__Aim of the task__
Print the data exactly. Omit the pictures.

__Data shown__
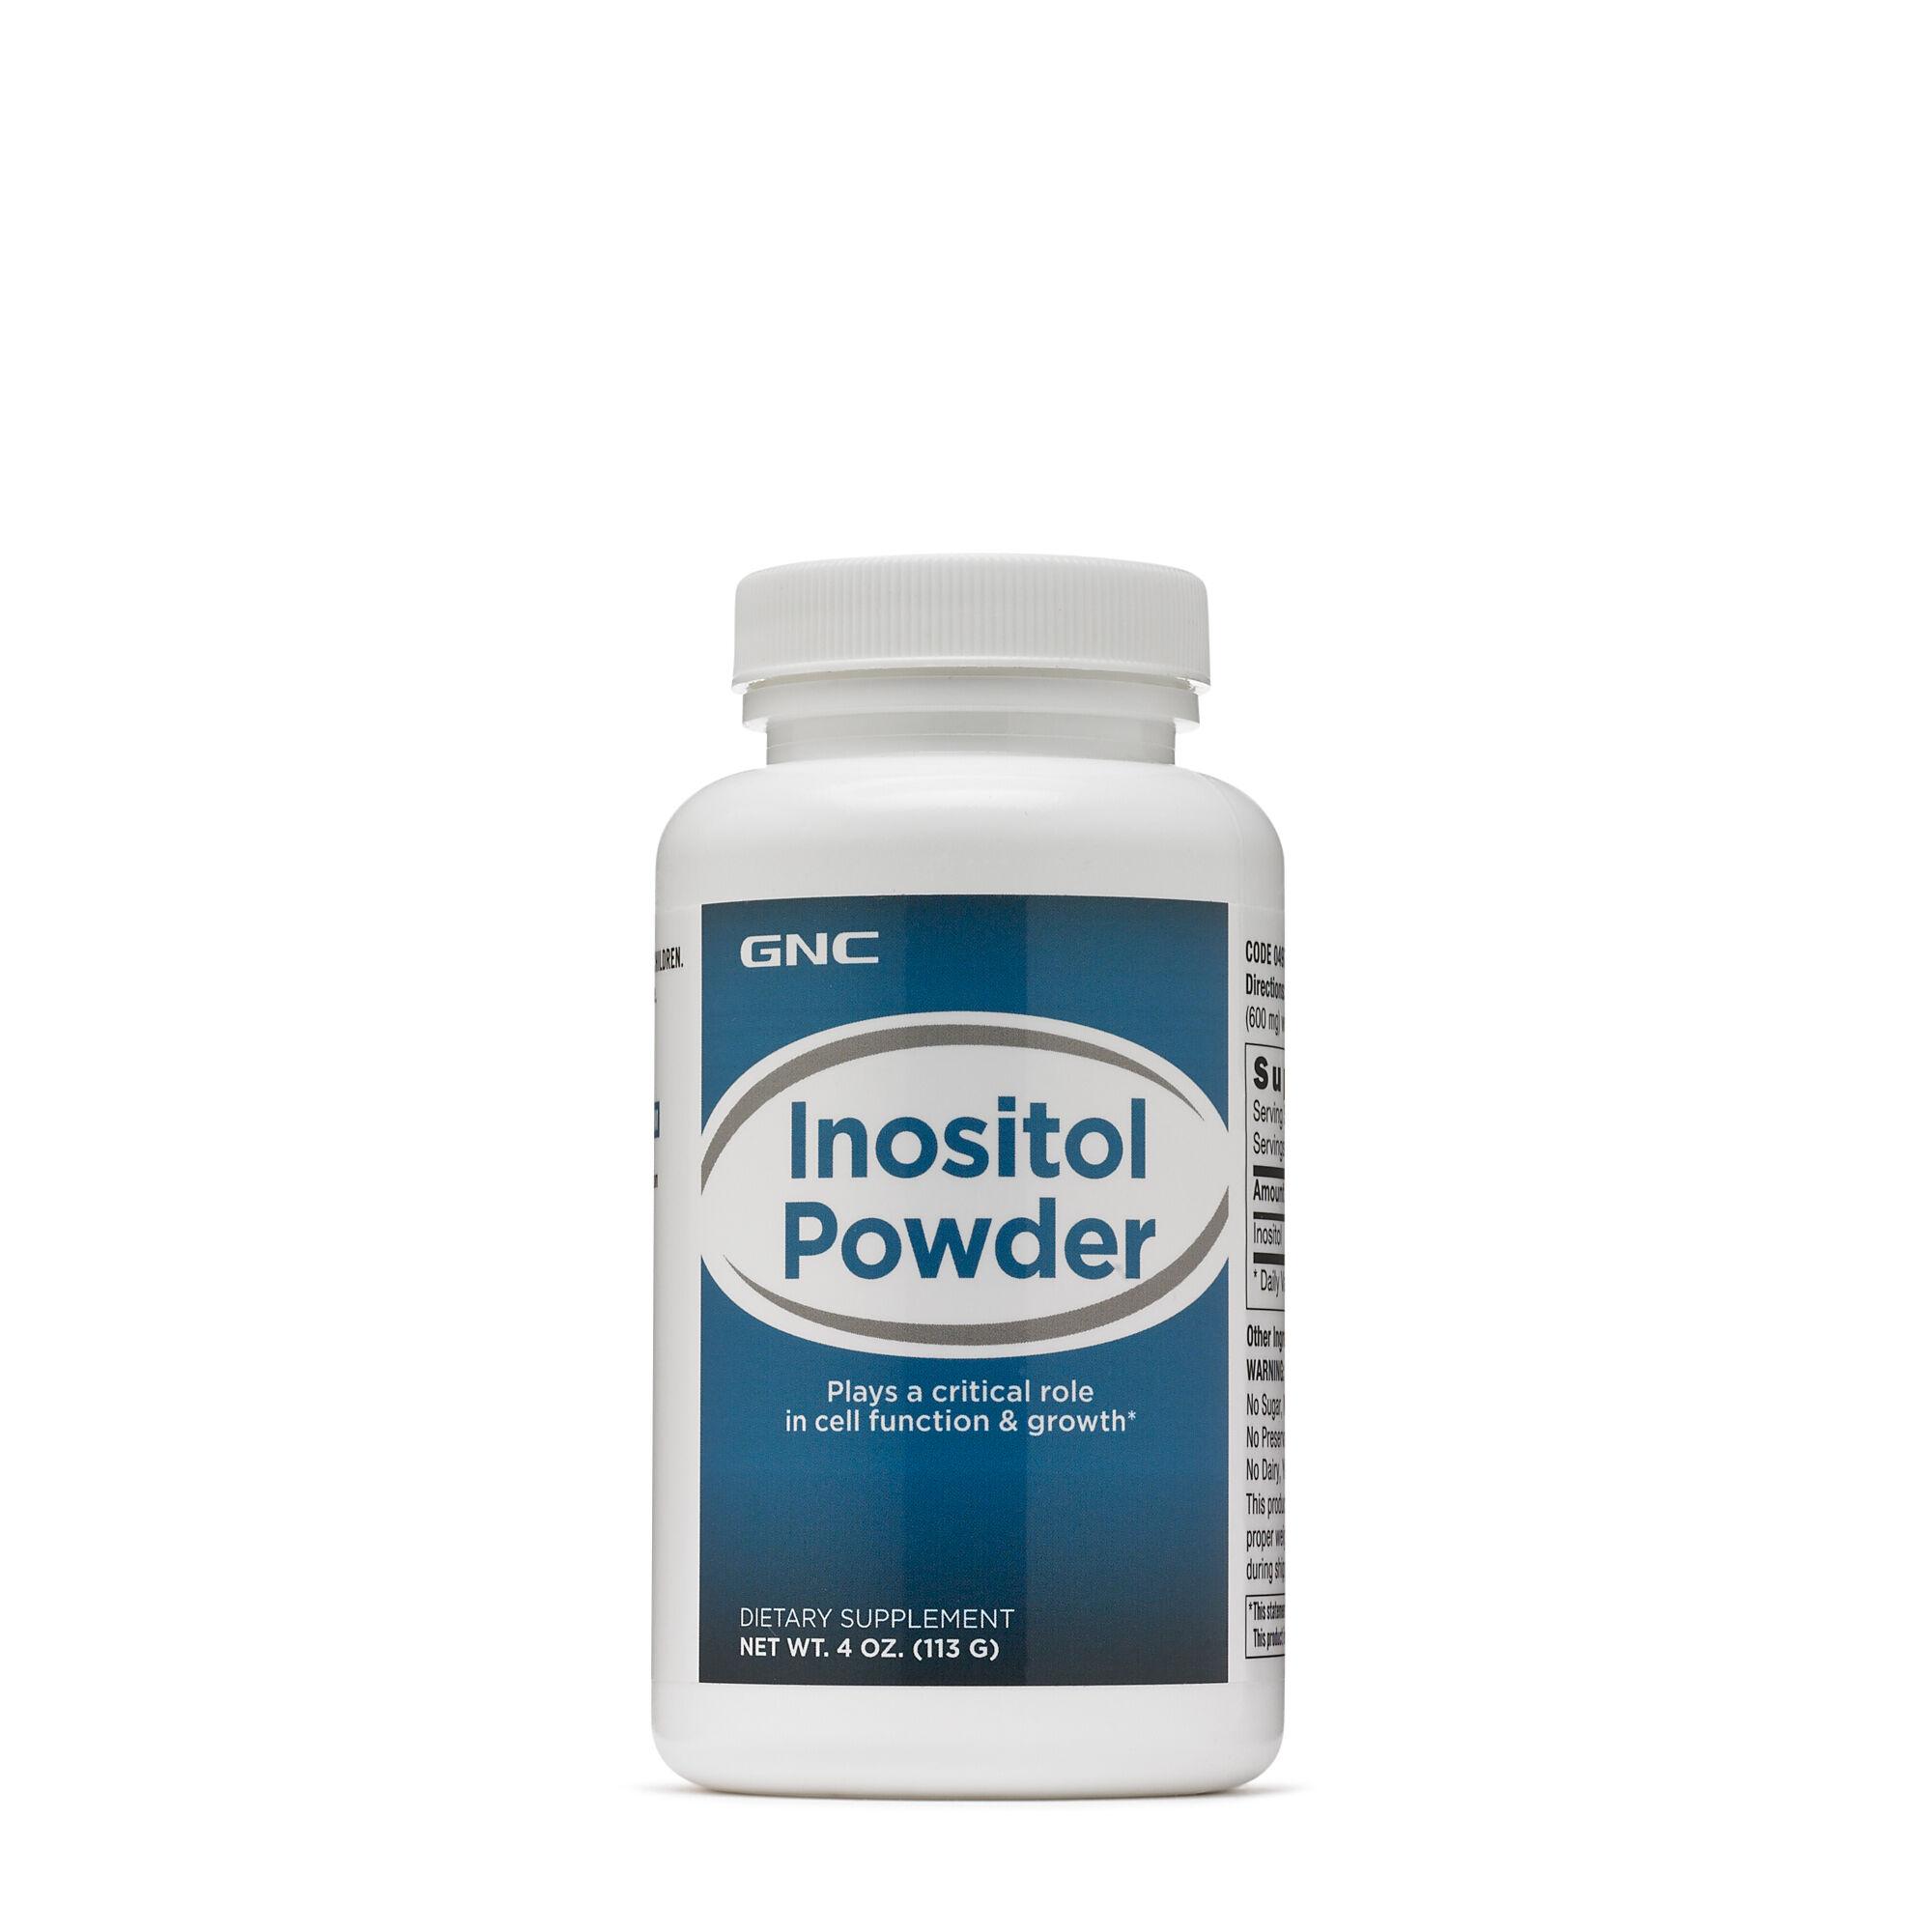 Inositol powder uses
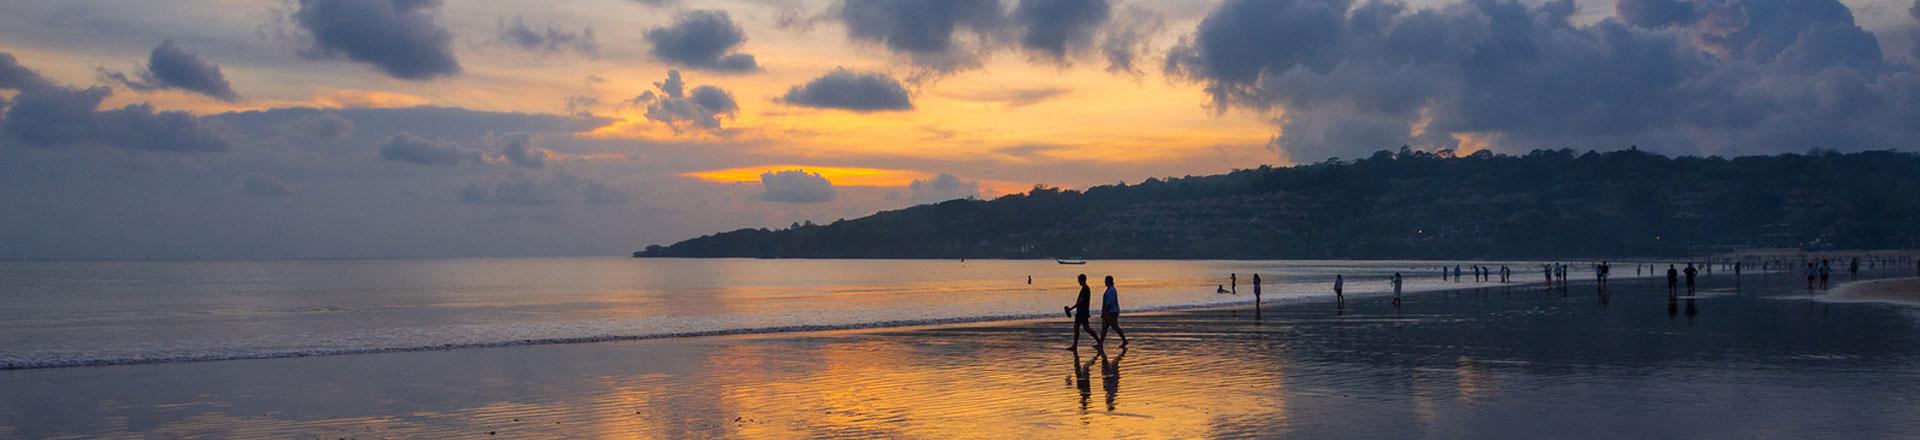 walk-on-beach
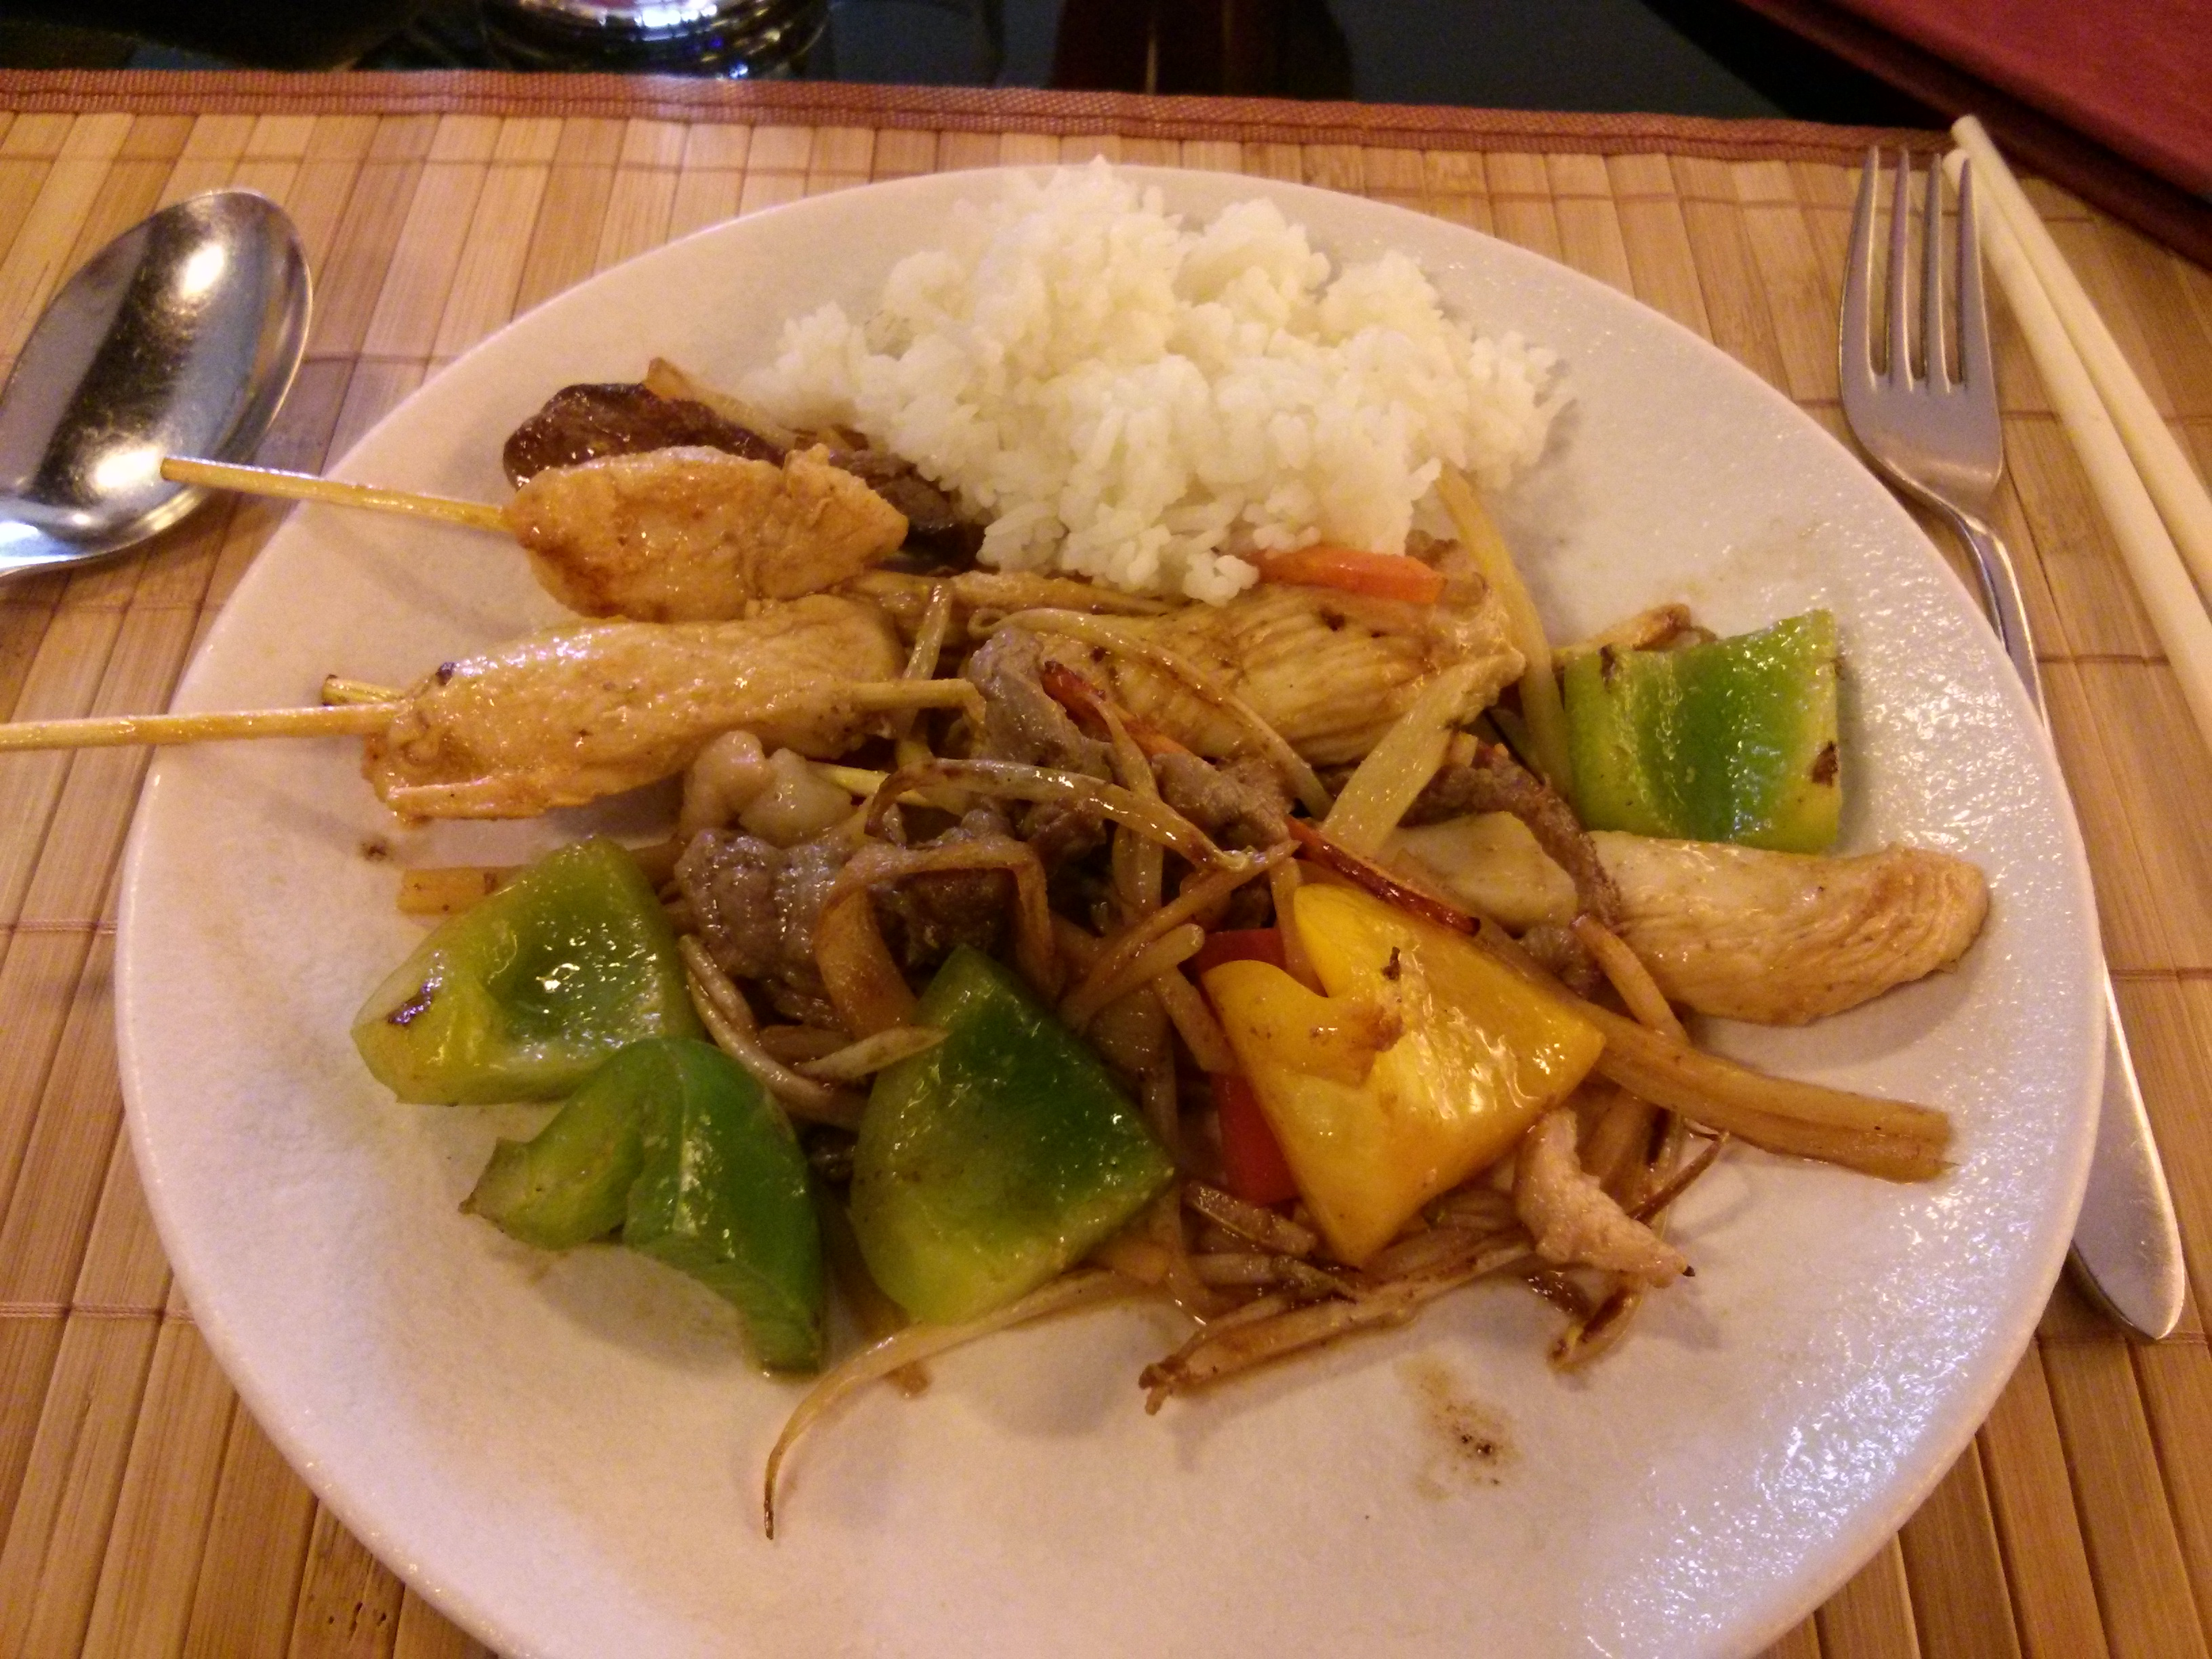 https://foodloader.net/nico_2013-11-01_sky-palace-asia-3-gemischtes-frisch-gebraten.jpg

__Output of the exercise__
 Inositol powder uses
 walk-on-beach
 https://foodloader.net/nico_2013-11-01_sky-palace-asia-3-gemischtes-frisch-gebraten.jpg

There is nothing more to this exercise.